- Не могли бы вы дать автограф, месье Поль? - повторил он свою просьбу.
По-французски мужчина - Александр Юрьевич Лешаков - говорил свободно, и акцент имел совершенно не русский, а какой-то центральноевропейский, если так можно выразиться. Да и внешность имел весьма к такому акценту подходящую.
Федорчук посмотрел на Лешакова и перевел взгляд на листок.
"
Митя, я тебя узналъ
", - было написано там по-русски мелким, но разборчивым почерком и с твердым знаком в слове "узнал".
Митя, я тебя узналъ
Ну что ж, в подобном спектакле Федорчук уже однажды - пару месяцев назад - участвовал, и своего визави узнал сразу: Лешаков был старым знакомым деда "покойного" Мити Вощинина, можно сказать даже другом, еще по Сербии, куда Александр Юрьевич попал отнюдь не из Крыма, "как все", а приехал то ли из Америки, то ли вообще из Японии. Митя, тогда еще подросток, много разговаривал с ним о Великой войне, и рассказы Лешакова сыграли, если уж быть откровенным, не малую роль в "политическом становлении" Дмитрия. Александр Юрьевич человек был непростой и образованный, но отнюдь не дворянских кровей, и жизнь знал не понаслышке, а что называется, на собственной шкуре. И на войну пошел добровольцем, став офицером военного времени, что тоже кое о чем говорит, если разбираешься в таких вещах. Но это же объясняло, между прочим, отчего оценки, данные Лешаковым русской армии, ходу войны и политике царского правительства были далеки от благосклонных. А правда, она ведь не всегда красивая, но этим-то приятель деда и подкупал Дмитрия, этим-то и был интересен...
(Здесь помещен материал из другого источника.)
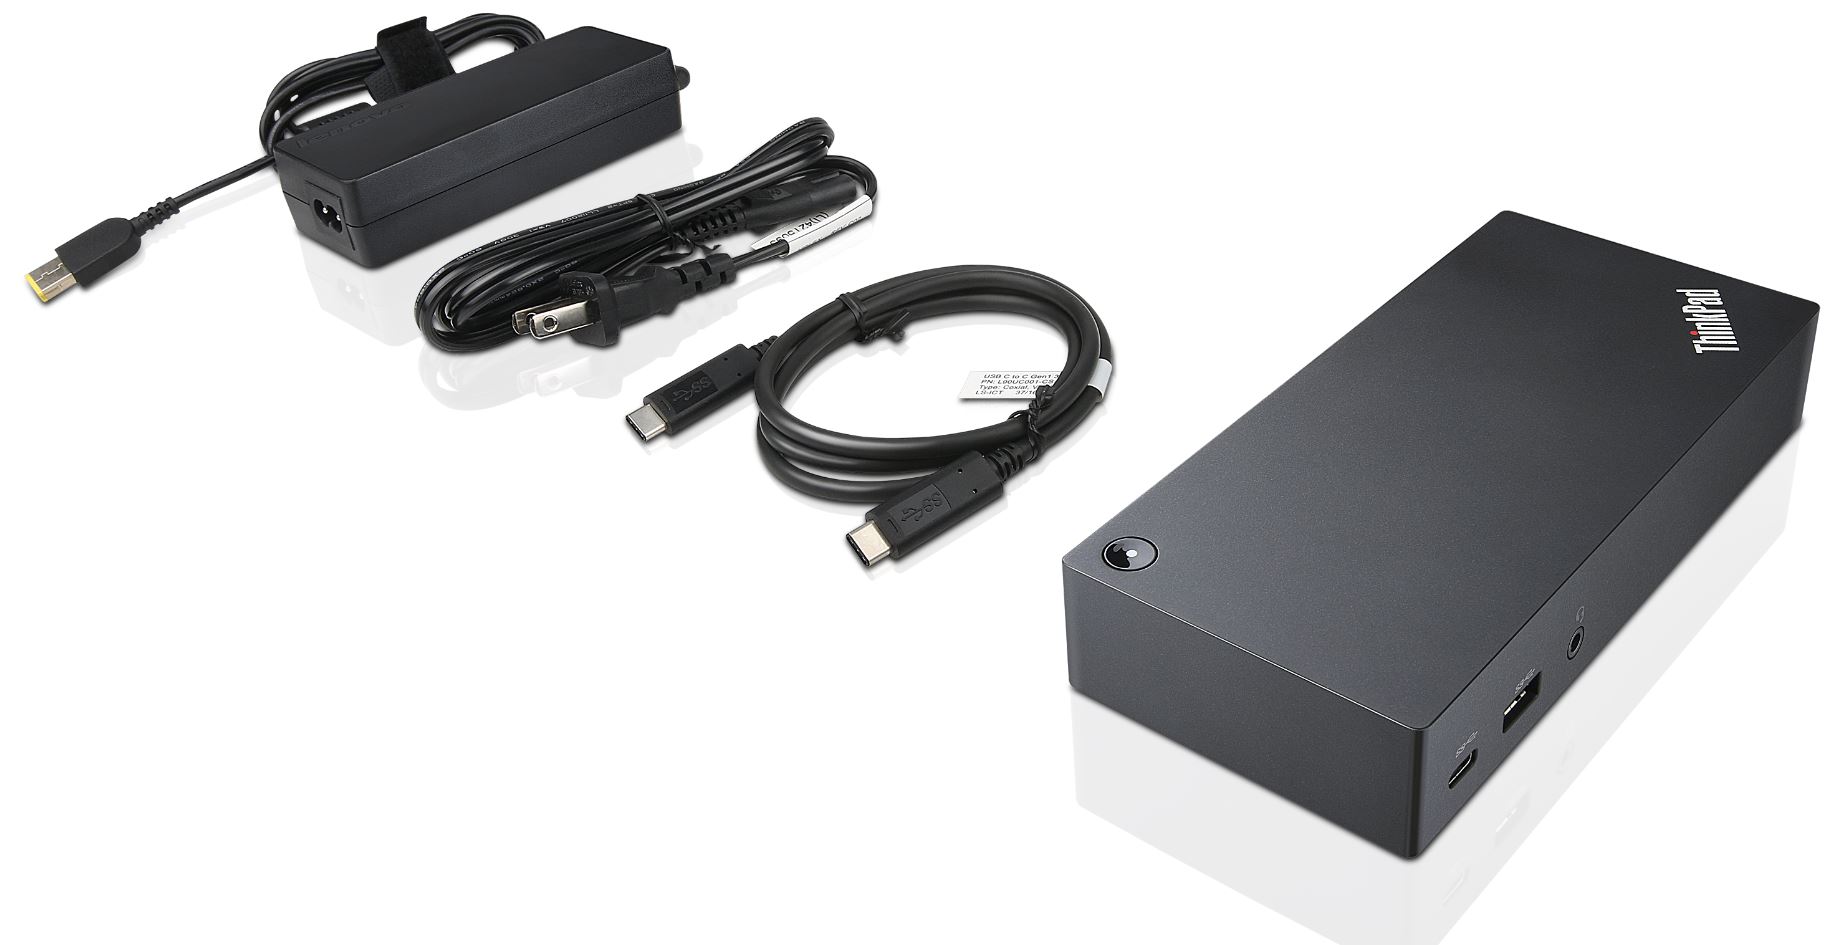 violet Børnecenter Sindsro ThinkPad USB-C Dock - Overview and Service Parts - Lenovo Support US

Позже, уже во Франции, они снова, но уже мимолетно пересеклись в начале тридцатых, но потом Митя потерял Лешакова из вида, и вот теперь...
Митя, я тебя узналъ
"Н-да... узнаю брата Колю..."
В этом был весь Лешаков. Увидел где-то, узнал, и полез выяснять отношения. И вроде бы тонко, с подходцем, но, с другой стороны... Если даже ты прав, разве не ясно, что тебя никто не ждет, иначе зачем весь этот цирк? И вроде бы битый жизнью волк, ан, нет, романтик, твою мать! Ну, как же, как же, все-таки внук старого друга! И ведь не отошьешь, как Корсакова. Этот упорный, и свое понимание имеет по любому поводу...
"Вот же..."
Голова работала удивительно быстро. Можно сказать, стремительно. Люди так не думают, просто не успевают. Ну, может быть все-таки и думают, но не часто и не все, и только в исключительных обстоятельствах. Но Виктор и был "не все", и случай, бесспорно, вышел исключительный.
"Ну, и что с тобой делать, дядя Саша?"
Для сантиментов места не оставалось - ну, кто Лешаков Федорчуку? Никто, и звать его никак. Источник проблем, не более...
"Но, с другой стороны..."
Федорчуку вдруг пришло в голову, что на городских партизанах Валуа свет клином не сошелся. А Лешаков, мало что войну прошел, ещё и в Иностранном легионе служил.
- Кому посвящать? - спросил он по-французски Лешакова.
- Спасибо! - выпалил тот, ловя глазами взгляд Виктора. - Это для дочки...
- Как зовут вашу дочь, месье? - терпеливо уточнил Федорчук.
- Женевьева, - неуверенно ответил Лешаков.
- Женевьева... - Федорчук скомкал листок, что положил перед ним нежданный знакомец, кинул в пепельницу, подпалив "ненароком" небрежным движением спички, взглянул пытливо на визави, как бы спрашивая, "вы ВСЁ поняли, месье?", и, вырвав из своего собственного блокнота лист, стал писать по-французски "наилучшие пожелания" мадемуазель Женевьеве.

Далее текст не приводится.